Search code examples
sqlpostgresqlrandomforeign-keysdata-generation

PostgreSQL -- how to generate random number of rows of fake data with foreign key constraints?


Note: I tried searching for other questions and answers that address this, but I couldn't find one that really corresponded to my problem and presented a full solution.

I'm trying to generate random, synthetic data to test my database schema, using SQL. While generating a bunch of random values in PostgreSQL is easy enough with random(), generating random data sets that preserve the constraints and characteristics of the data I'm expecting to see is not. Specifically, I have the following tables:

CREATE TABLE suites(
id BIGINT GENERATED ALWAYS AS IDENTITY PRIMARY KEY,
name TEXT
);

INSERT INTO suites(name)
SELECT 'suite' || g FROM generate_series(1,50) g;

CREATE TABLE tests(
id BIGINT GENERATED ALWAYS AS IDENTITY PRIMARY KEY,
name TEXT
);

INSERT INTO tests(name)
SELECT 'test' || g FROM generate_series(1,100) g;

CREATE TABLE tests_in_suites(
suite_id BIGINT,
test_id BIGINT,
PRIMARY KEY (suite_id, test_id)
);

DB Fiddle

I want to populate tests_in_suites with random values, such that each suite contains a random number (between 3 and 7) of tests, selected uniformly from tests. I want the selection to be random and uniform, and avoid cycles and other repeating patterns. I have tried the following approach:

SELECT s.id, t.id FROM
(select id from suites) s,
(SELECT id FROM tests ORDER BY random() LIMIT 2 + ceil(random() * 5)) t
ORDER BY s.id, t.id;

DB Fiddle

But it always chooses the same number of tests for each suite and the tests selected are identical, because the optimiser replaces the subquery for s with a constant. I tried introducing a dependency on the current suite being considered, but it complains the value I'm trying to use is not accessible:

SELECT s.id, t.id FROM
(select id from suites) s,
(SELECT id FROM tests ORDER BY random() LIMIT 2 + ceil(random() * 5 + s.id*0)) t
ORDER BY s.id, t.id;

ERROR:  invalid reference to FROM-clause entry for table "s"
LINE 3: ...s ORDER BY random() LIMIT 2 + ceil(random() * 5 + s.id*0)) t
                                                             ^
HINT:  There is an entry for table "s", but it cannot be referenced from this part of the query.

DB Fiddle

How can I generate my random data without falling victim to either the optimiser or invalid data dependencies in my query?


Solution

  • I want to populate tests_in_suites with random values, such that each suite contains a random number (between 3 and 7) of tests, selected uniformly from tests

    This sounds like a nice use case for a lateral join...

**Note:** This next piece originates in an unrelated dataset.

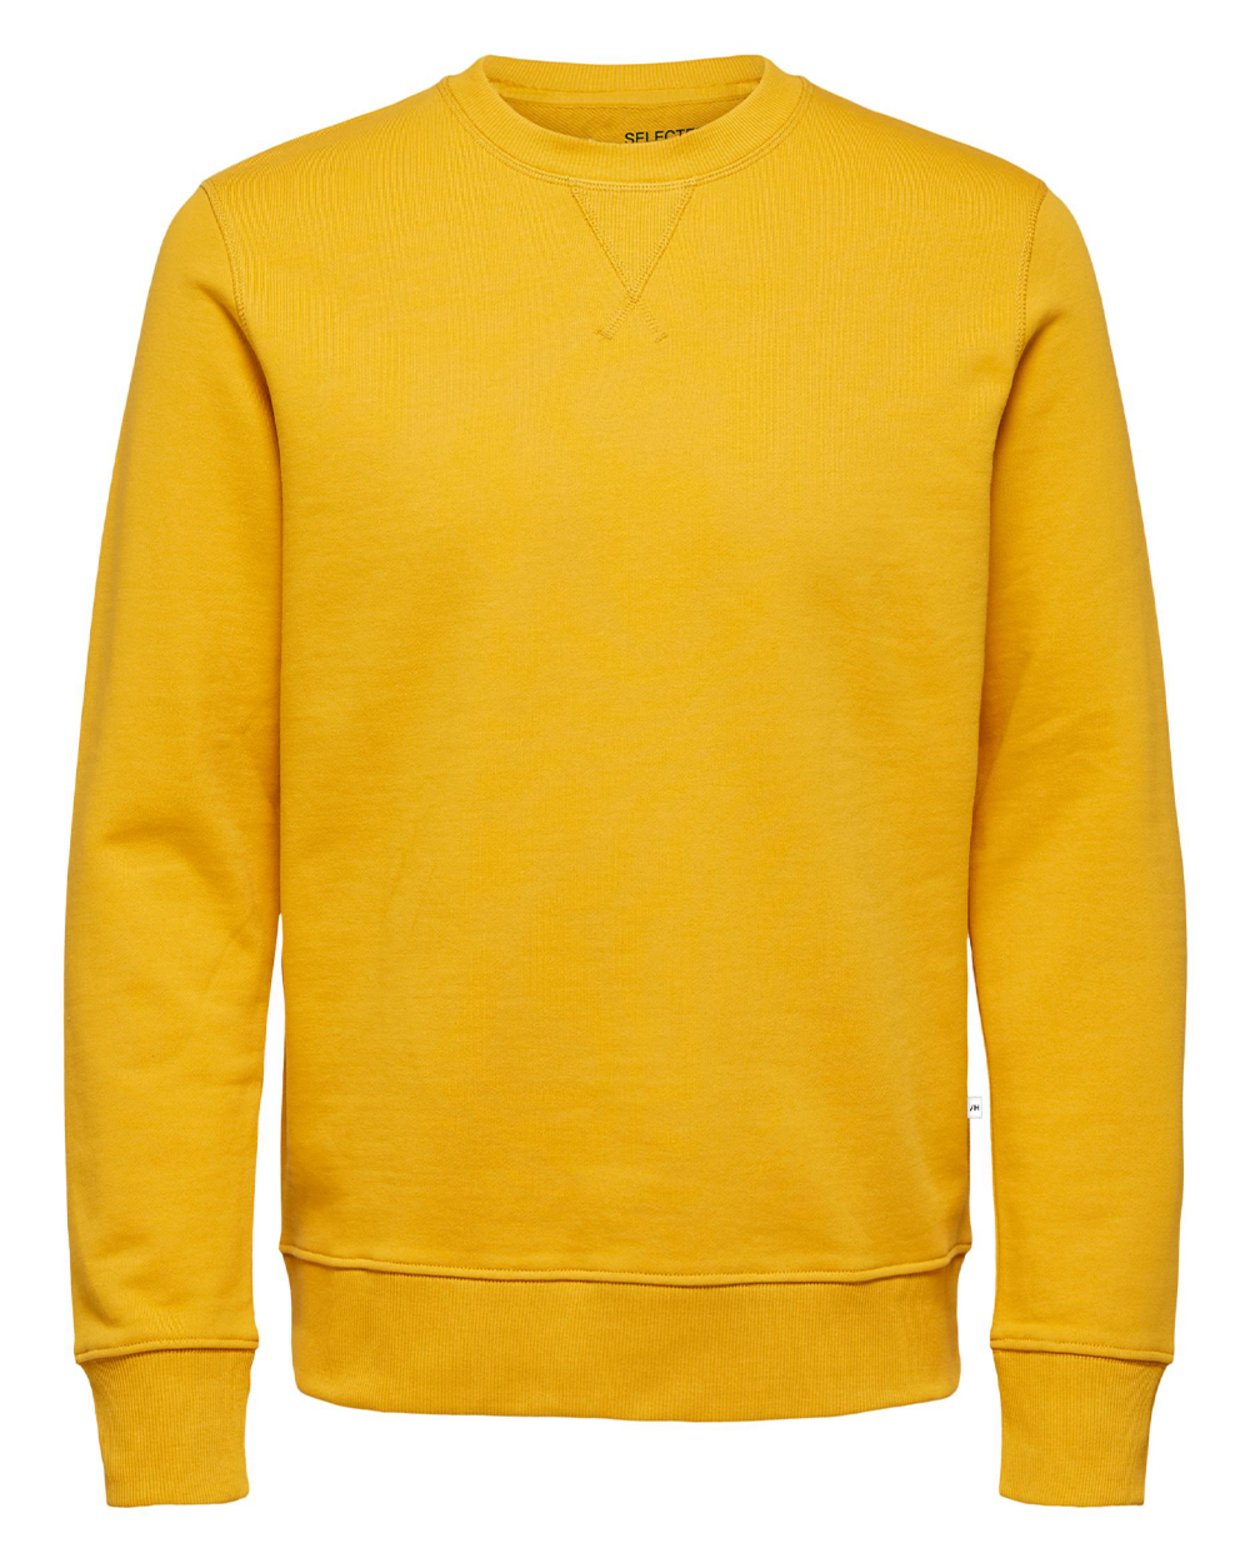 Jason Crew Neck Sweater | Fresh Spring/Summer Menswear by Selected ...

    INSERT INTO tests_in_suites(suite_id,test_id)
    SELECT suites.id, t.id
    FROM suites
    CROSS JOIN LATERAL (SELECT id, suites.id AS lol FROM tests ORDER BY random() LIMIT (3+random()*4)) t;
    

    Lateral join recomputes the joined table for each row of the table on the left side of the join, which is what we want here. But postgres will optimize this away if the joined table subquery looks like it is not a dependent subquery after all. So I added suites.id in the joined table to make it look like the joined table is indeed dependent on the row from table suites.

    There's probably a way to do it with array_agg() and unnest() too.